Oppo is going to release a line of compact wireless active speakers that will be the first in the world to feature Dirac's brand new and easy-to-use speaker/room correction software tailored for Android and iOS devices.
Those interested in minimum size will appreciate the performance of one or more of these Oppo's Dirac enabled wireless speakers corrected and playing with the same smartphone/tablet that has previously taken measurements.

Evolution in convergent technologies is making available new dimensions/performance/costs ratios, details here:
http://www.audioxpress.com/article/...-oppo-digital-features-dirac-room-calibration

What is unique in Oppo's Sonica speakers is that they use Dirac Mobile Calibration, a mobile user-friendly version of Dirac Live that applies speaker and room correction with four measurements taken with the same smartphone that will then be used as a player.
I have screen previews... they are not final but they convey the idea



















 Flavio


----------



## Flak (Nov 15, 2013)

A question that I've just received made me realize that I have to explain the reasoning behind this Dirac app that can be used by all recent iOS and Android smartphones/tablets but is linked to a dedicated range of Oppo Sonica models...

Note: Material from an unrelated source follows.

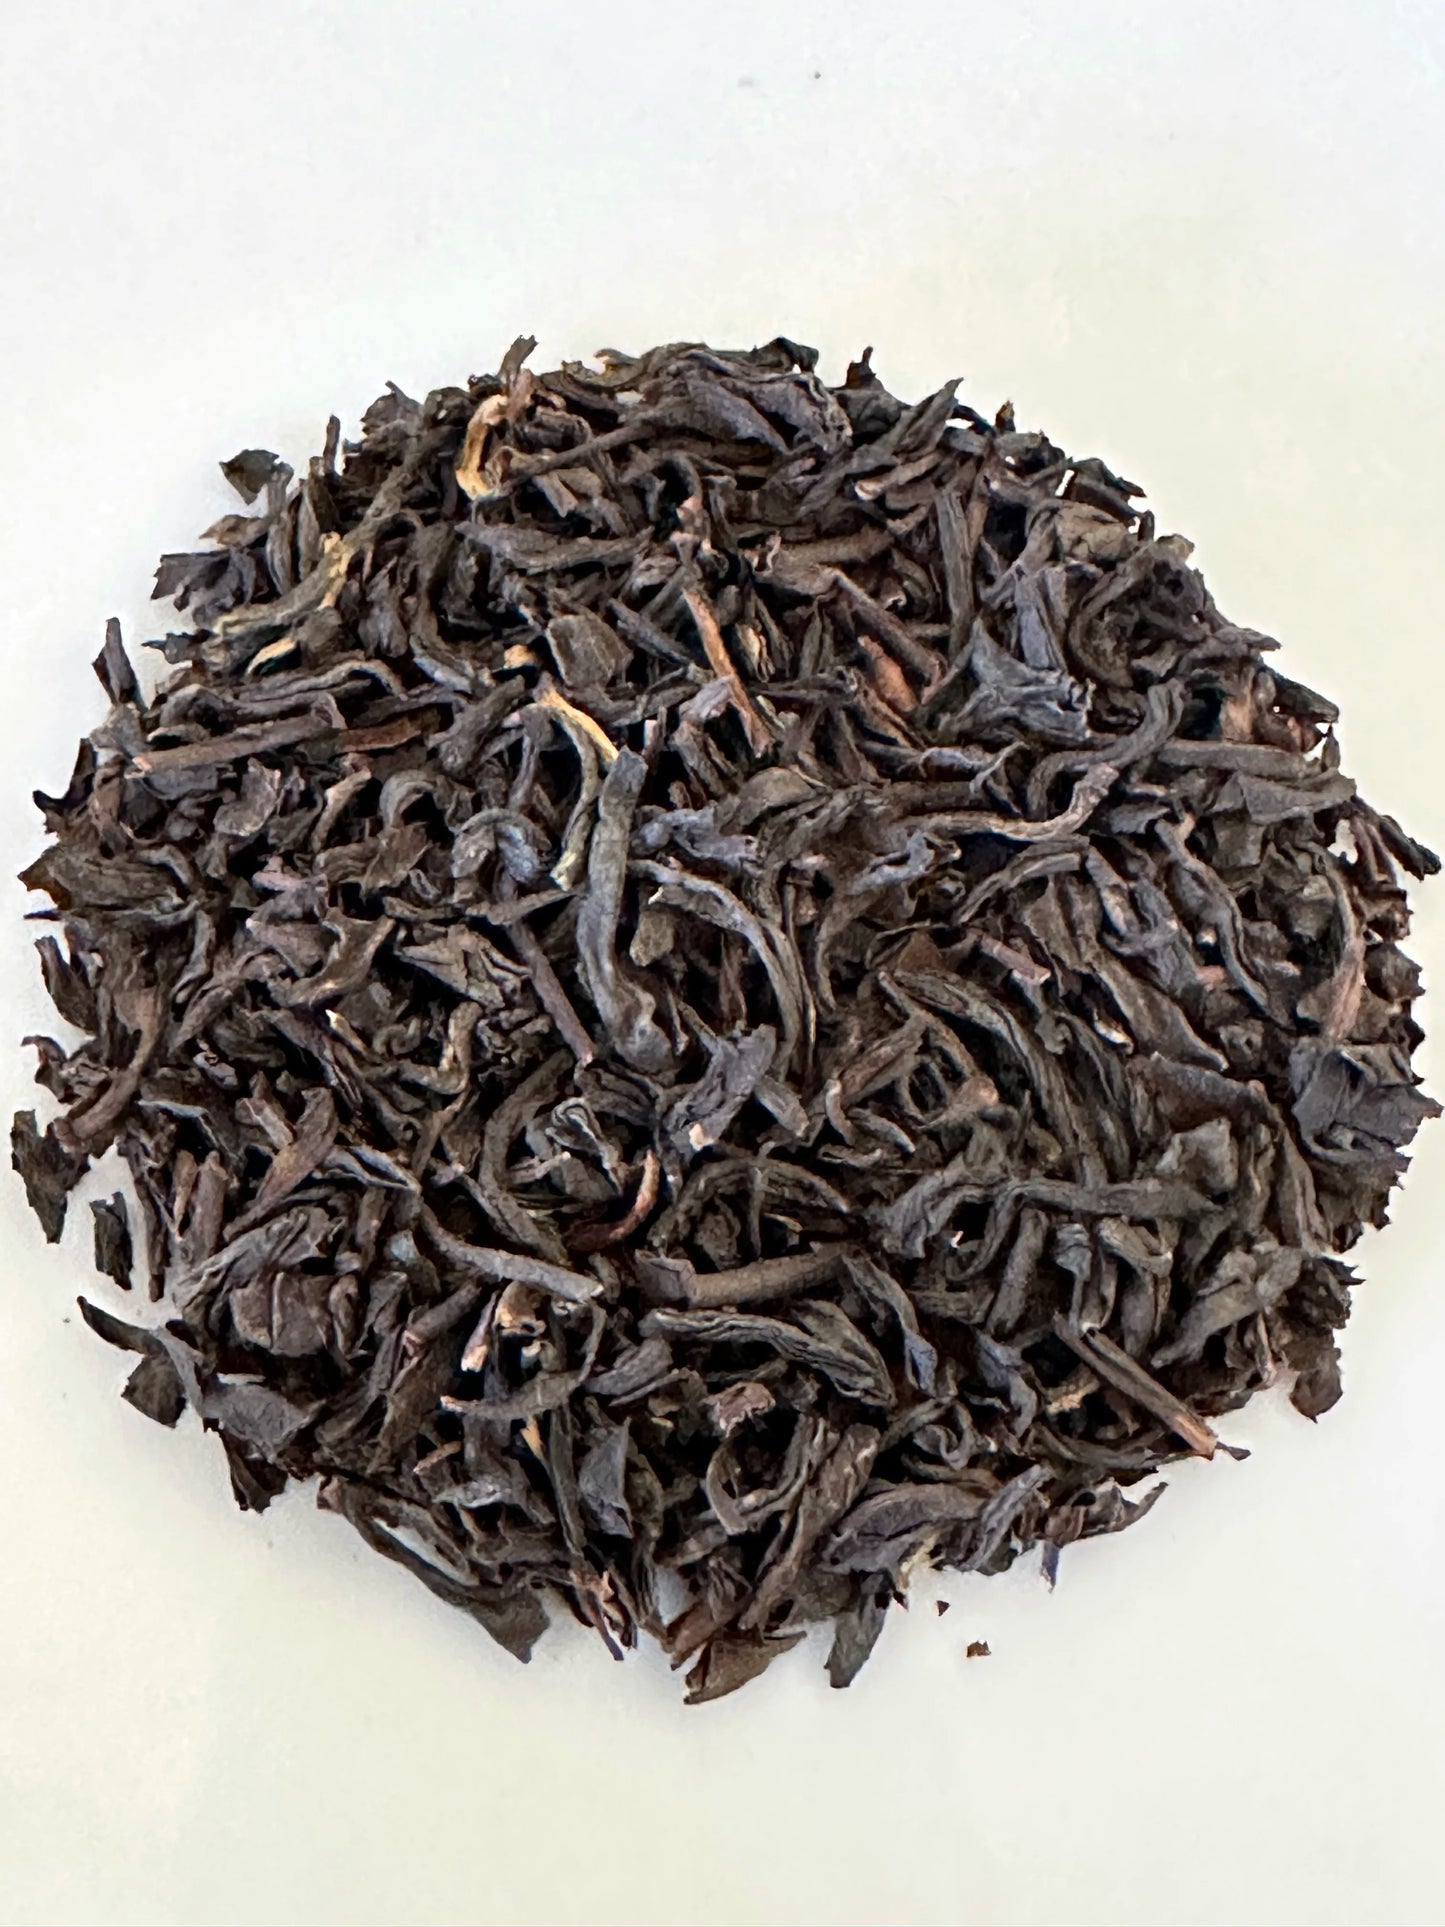 Pile of China Black Tea

the advantage of using dedicated DSP powered speakers like these Oppo speakers, where there is a runtime running our filter, is the fact that all music from all sources can take advantage of the room calibration offered by this Dirac app... in other words room calibration is not limited to the music played by the iOS/Android smartphone/tablet that has been used to take measurements and compute the filters.

Flavio


----------